Sharaya, el Santón de Jandripur, permanecía desde tiempos muy lejanos
sentado a la orilla de la carretera, a la salida de la aldea. Allí recibía las
escasas limosnas y las cada vez más raras oraciones de los aldeanos. Su cuerpo
se había cubierto de una costra gris y su pelo colgaba en grasientas greñas por
las que caminaban los insectos. Sus huesos, forrados por la piel, formaban
ángulos oscuros e imposibles que daban a la inmóvil figura un aire pétreo y
estatuario que en mucho contribuyera al olvido en que lo tenían las gentes del
lugar. Sólo los viejos recordaban aún, entre la niebla de sus mocedades, la
llegada del esbelto Santón, entonces con cierto aire mundano y dueño de una
locuacidad en materias religiosas que fue perdiendo a medida que ganaba mayores
y más vastos dominios en su tarea de meditación al pie del camino.

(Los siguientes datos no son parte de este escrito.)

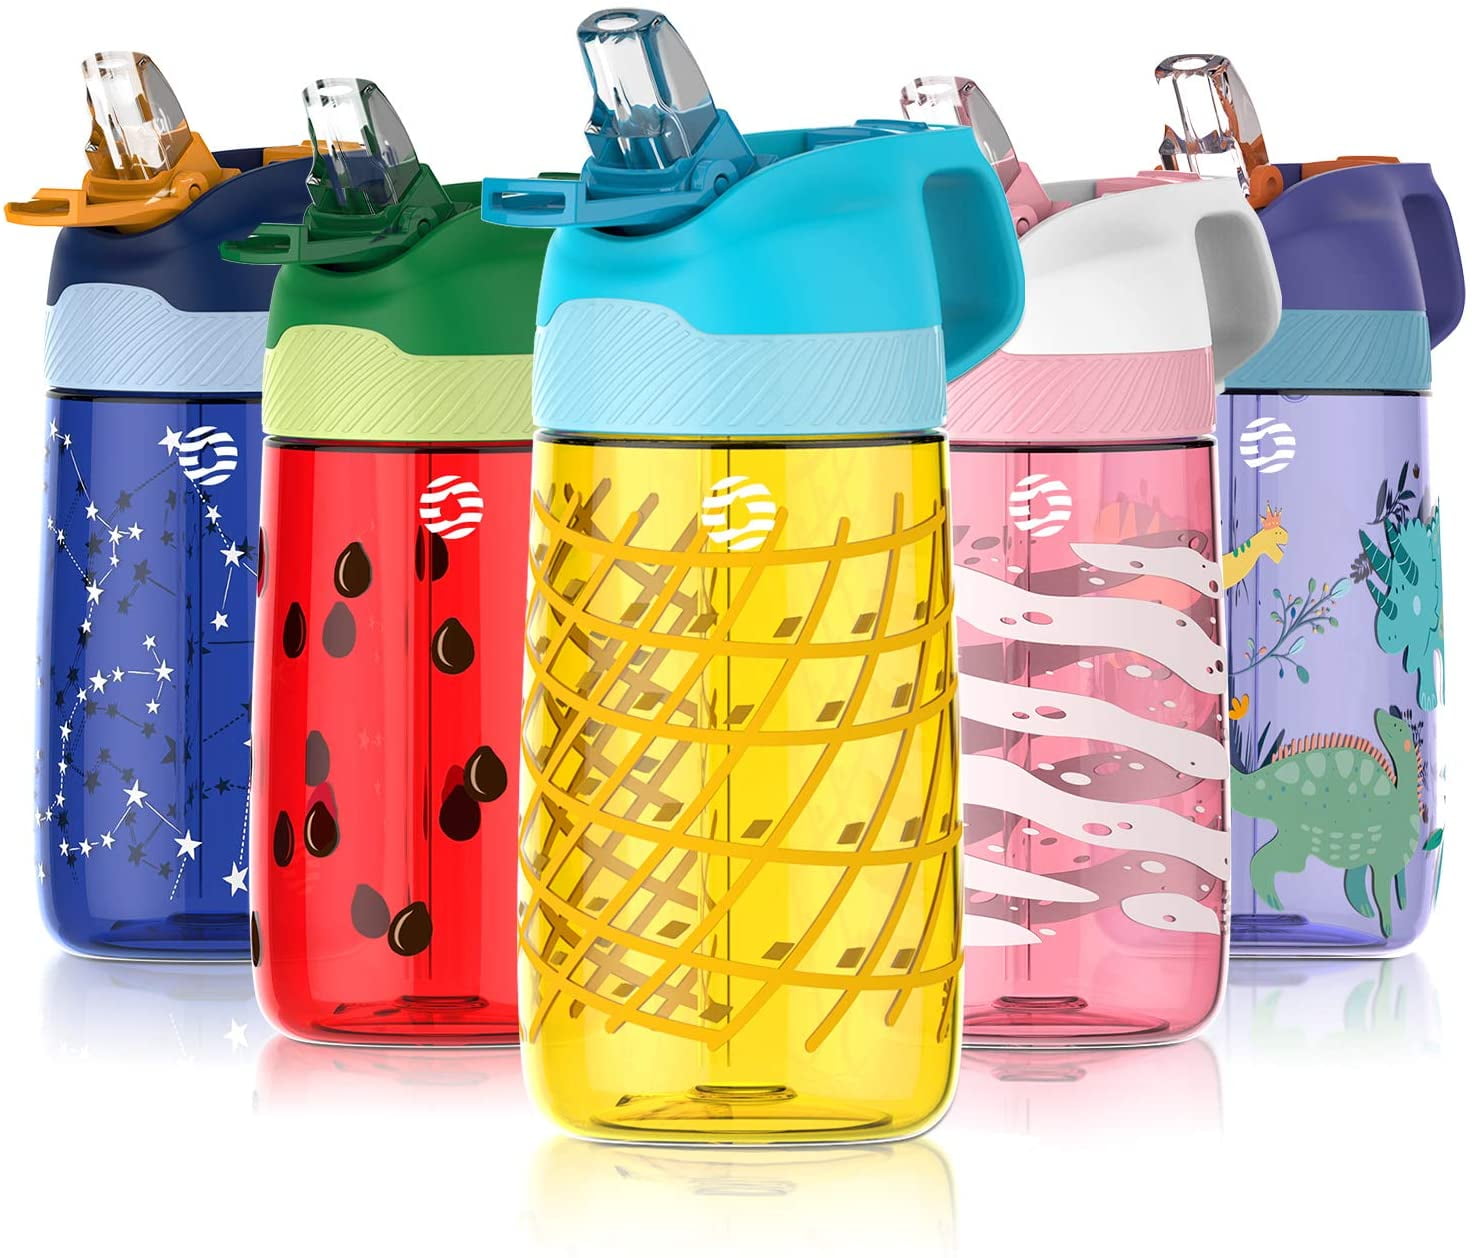 What Size Water Bottle Is Best For School? – FJBottle Official Website

A pesar del poco o ningún caso que le hacían ahora los habitantes de la
aldea, y tal vez gracias a ello, Sharaya era un atento observador de la vida
circundante y conocía como pocos las intrincadas y mezquinas historias que se
tejían y borraban en el pueblo al paso de los años.
Sus ojos adquirieron una dulce fijeza de bestia doméstica que las gentes
confundían con la mansedumbre de la imbecilidad y que los prudentes reconocían
como reveladora de la luminosa y total percepción de los más hondos secretos
del ser.
Tal era Sharaya, el Santón de Jandripur en el Distrito de Lahore.
La noche que antecedió a su último día fue una noche de lluvia y el río
bajó de las montañas crecido, bramando como una bestia enferma, pero de
inagotable energía.
Gruesas gotas han resbalado toda
la noche sobre la piel del parasol que instalaron las mujeres cuando la gran
sequía. Golpea la lluvia como un aviso, como una señal preparada en otro mundo.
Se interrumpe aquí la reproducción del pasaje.